Face detection is an optional feature that improves the automatic cropping of Extra Images when a photo contains people. Instead of always cropping to a fixed anchor point (such as the centre of the image), SocialMagick can detect where faces appear in the photo and crop around them, keeping the people in the frame even when your image dimensions differ considerably from the source photo's aspect ratio.
Face detection is only triggered when all of the following conditions are met:
The template's Crop Anchor Point is set to Detect.
An Extra Image is available for the current page (the Extra Image source is not None, or is set to a valid static image).
If face detection is enabled but no faces are found in the image, SocialMagick falls back to cropping using the Centre Point anchor. Similarly, if the configured cloud service returns an error or is unreachable, SocialMagick falls back gracefully rather than failing to generate the image.

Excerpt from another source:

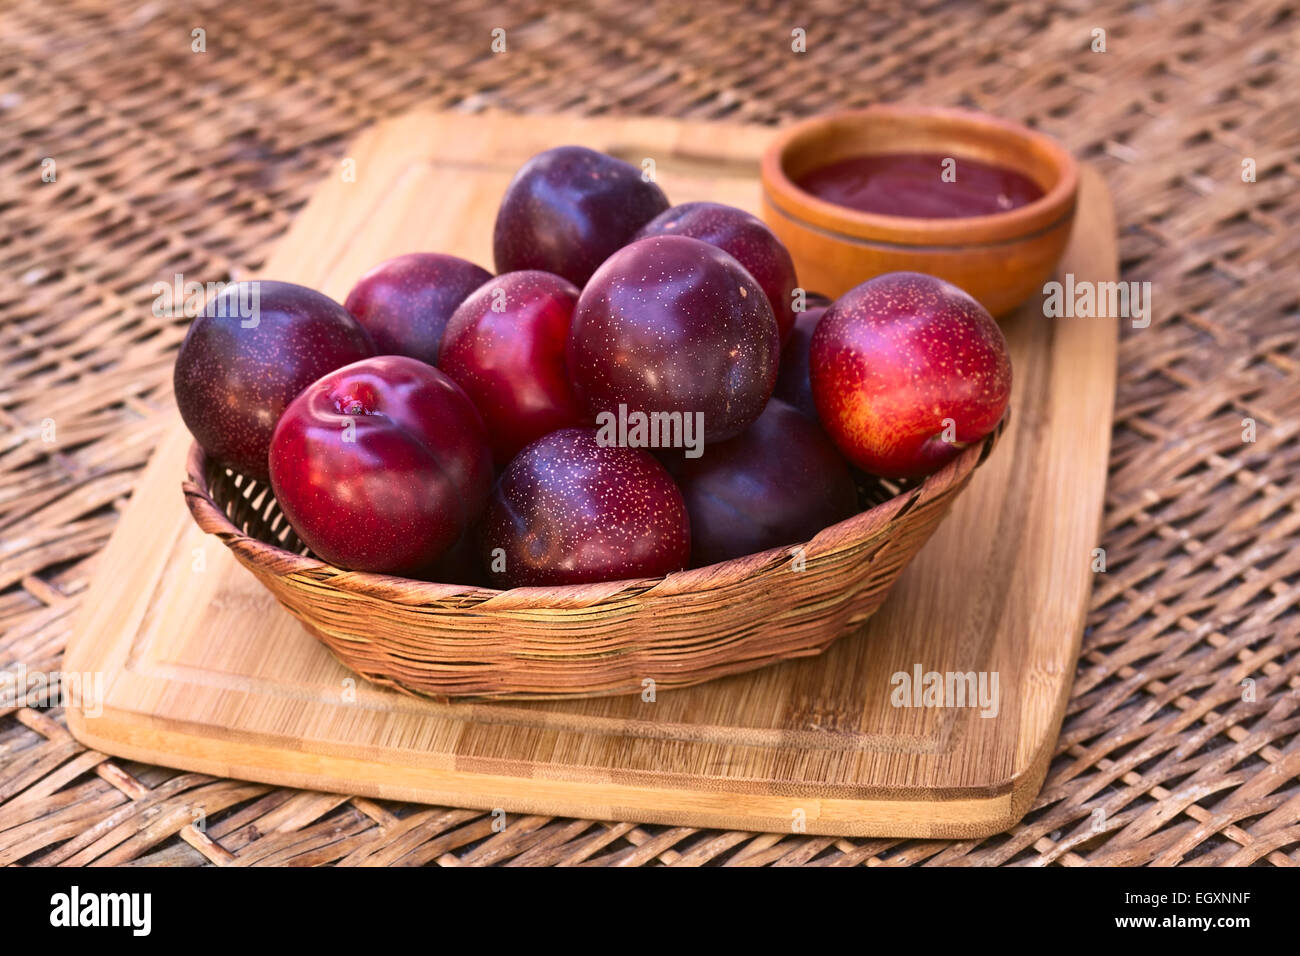 Panier tressé rempli de prune satsuma avec un petit bol de confiture de prunes à l'arrière sur planche de bois photographié avec lumière naturelle Banque D'Images

The result of face detection is cached along with the generated OpenGraph image. Detection only runs again when the cached image is invalidated (for example, because the Extra Image, template, or text has changed). This means that even when using a cloud provider, you will not be charged for every page view — only for the page loads that actually regenerate the image.

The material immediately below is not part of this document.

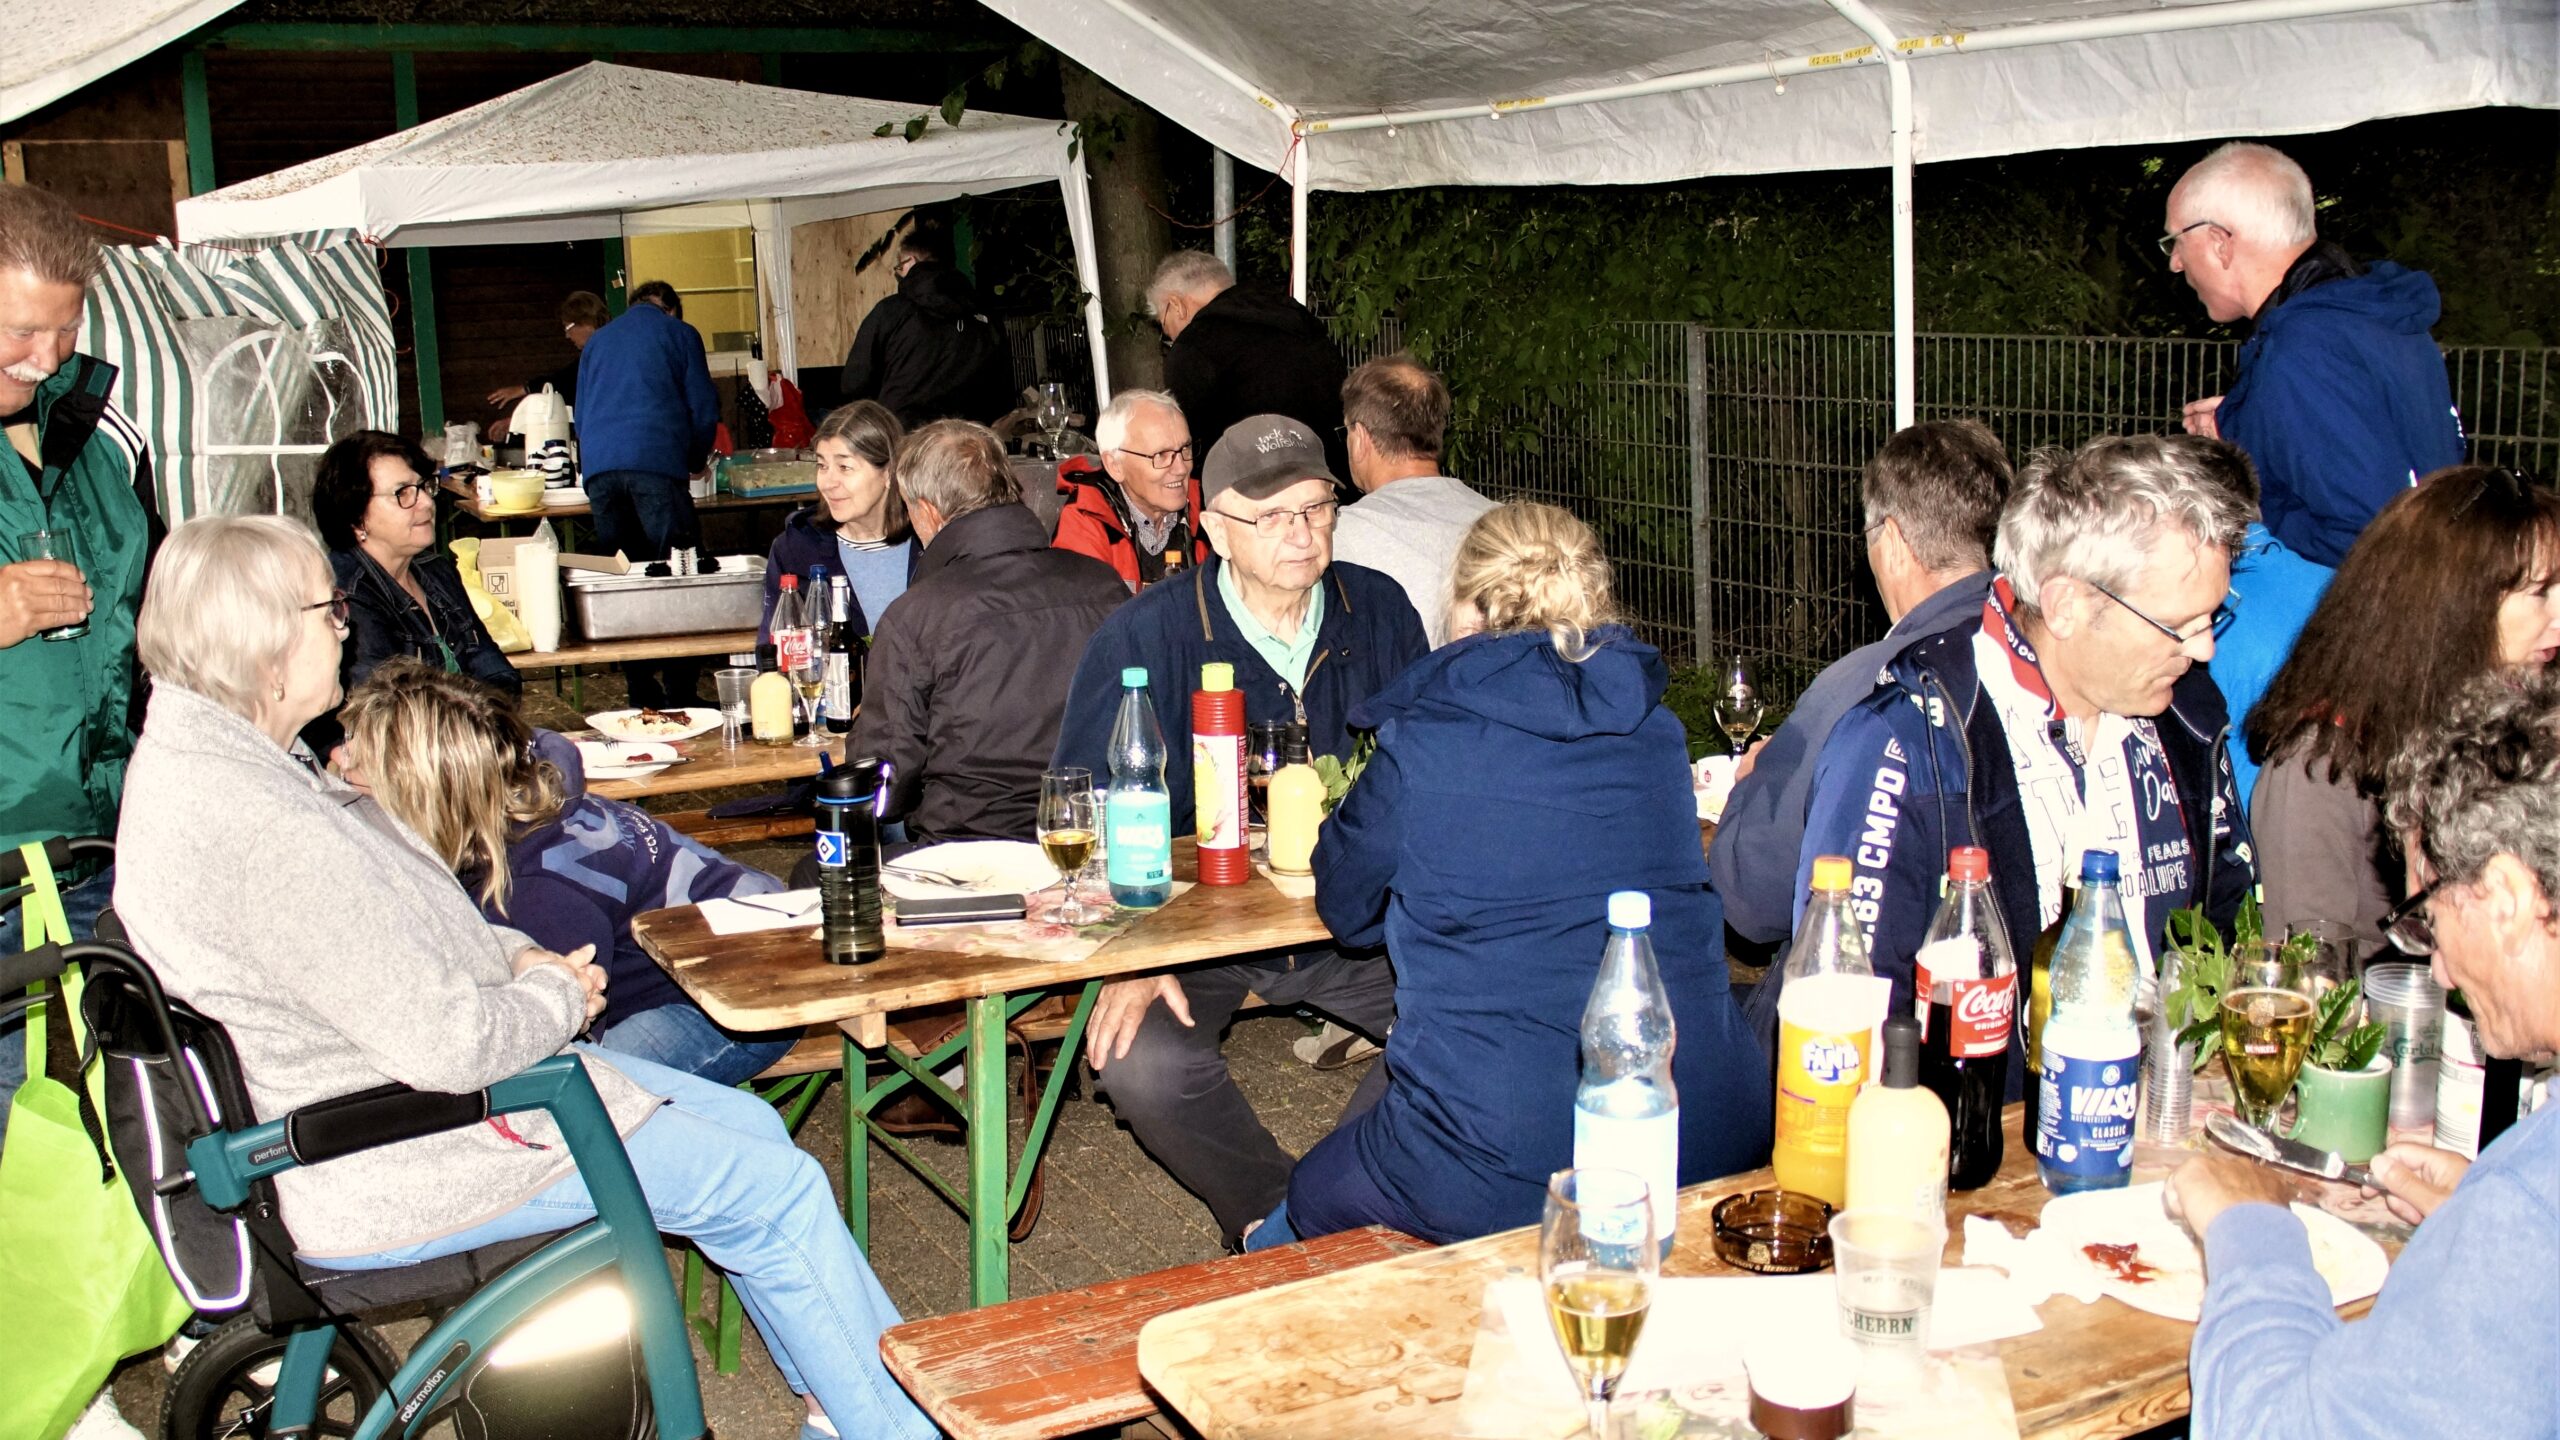 Saison-Auftaktfeier der Super-Senioren vom TuS Finkenwerder: die Gruppe sitzt unter Pavillons in gemütlicher Runde

The three available detection methods, and their trade-offs, are as follows.
This is the default method. SocialMagick ships with a pure PHP implementation of the Viola-Jones object detection framework trained on frontal faces. It runs entirely on your server using PHP, requires no external accounts, credentials, or network requests, and has no running cost beyond the CPU time consumed.
The trade-off is accuracy. The Viola-Jones classifier is one of the older face detection algorithms. It works reliably for well-lit, roughly frontal portraits but struggles with faces at a significant angle, partly occluded faces, very small faces relative to the image size, and lower-resolution images. For many typical site use-cases — staff photos, product portraits, event photography — Pure PHP is entirely sufficient.

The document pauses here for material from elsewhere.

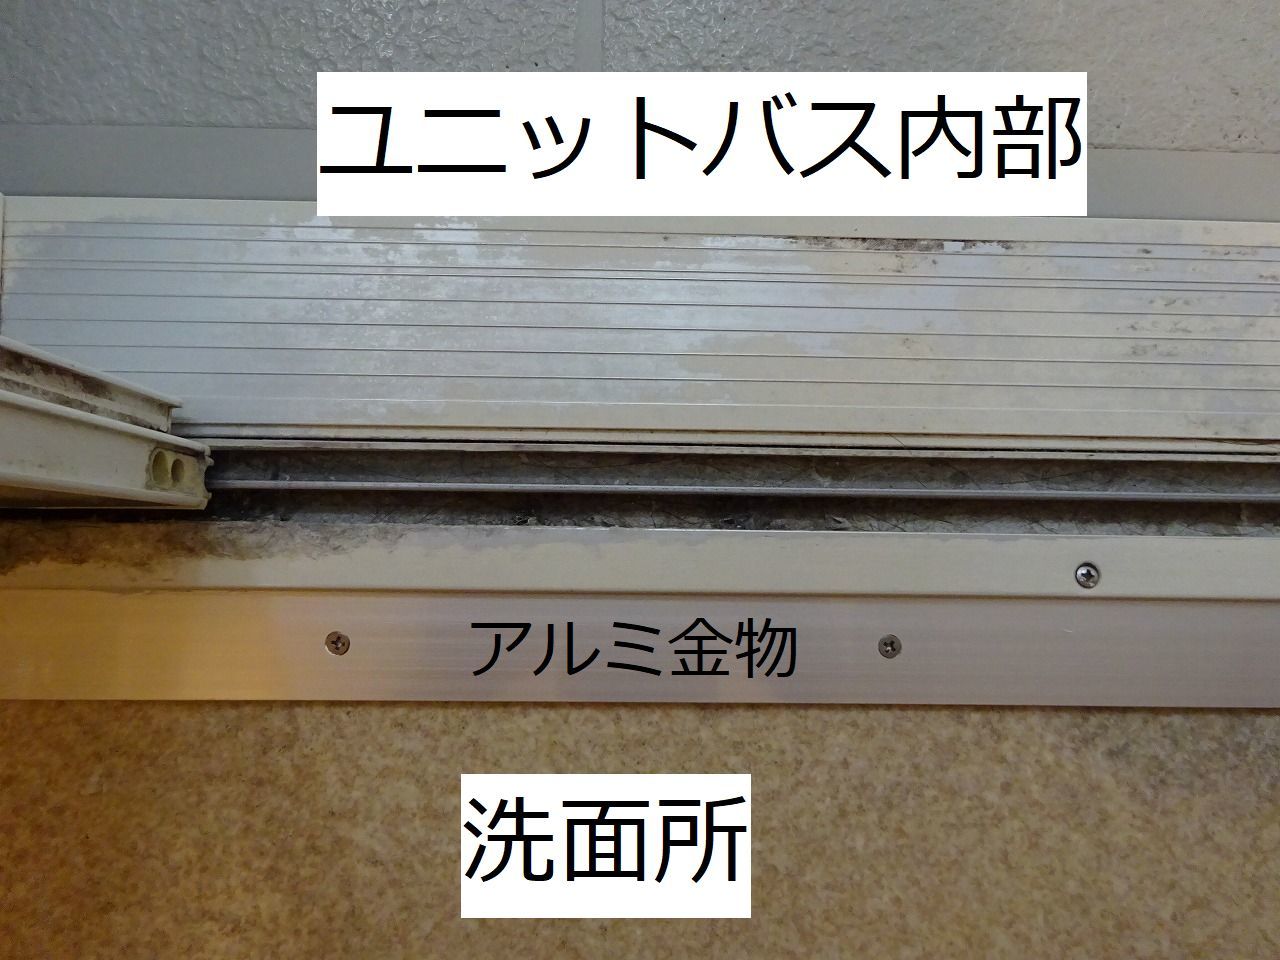 評判 ミヤコ MIYAKO MB153Sストール小便器手摺 38 寸法 トイレ配管部材 トイレ用設備

No additional configuration is required for this method.
When Google Cloud Vision API is selected, SocialMagick sends the Extra Image to the Google Cloud Vision service and uses the returned face bounding boxes to determine the crop anchor point. Google's model is considerably more accurate than the Viola-Jones classifier; it handles angled faces, partial occlusion, and a wide range of photographic conditions robustly.
To use this method you need:
A Google Cloud account with billing enabled.
The Cloud Vision API enabled for your project.
An API key (or a service account key) with access to the Cloud Vision API. Create and manage keys in the Google Cloud Console.
Enter the API key in the Google API Key field in the component Options under the Face Detection tab.
Google Cloud Vision charges per image analysed. Because face detection results are cached, charges accrue only when images are regenerated, not on every page view. Consult the Google Cloud Vision pricing page for current rates before enabling this method.
When AWS Rekognition is selected, SocialMagick sends the Extra Image to Amazon's Rekognition service. Like Google Cloud Vision, Rekognition is a highly accurate deep-learning based face detector that handles challenging photographic conditions well.
To use this method you need:
An Amazon Web Services account with billing enabled.
An IAM user (or role) with the rekognition:DetectFaces permission. The user does not need any other AWS permissions.
The IAM user's Access Key ID and Secret Access Key.
Enter the Access Key, Secret Key, and the AWS Region closest to your web server in the component Options under the Face Detection tab.
AWS Rekognition charges per image analysed. Check the AWS Rekognition pricing page for current rates before enabling this method.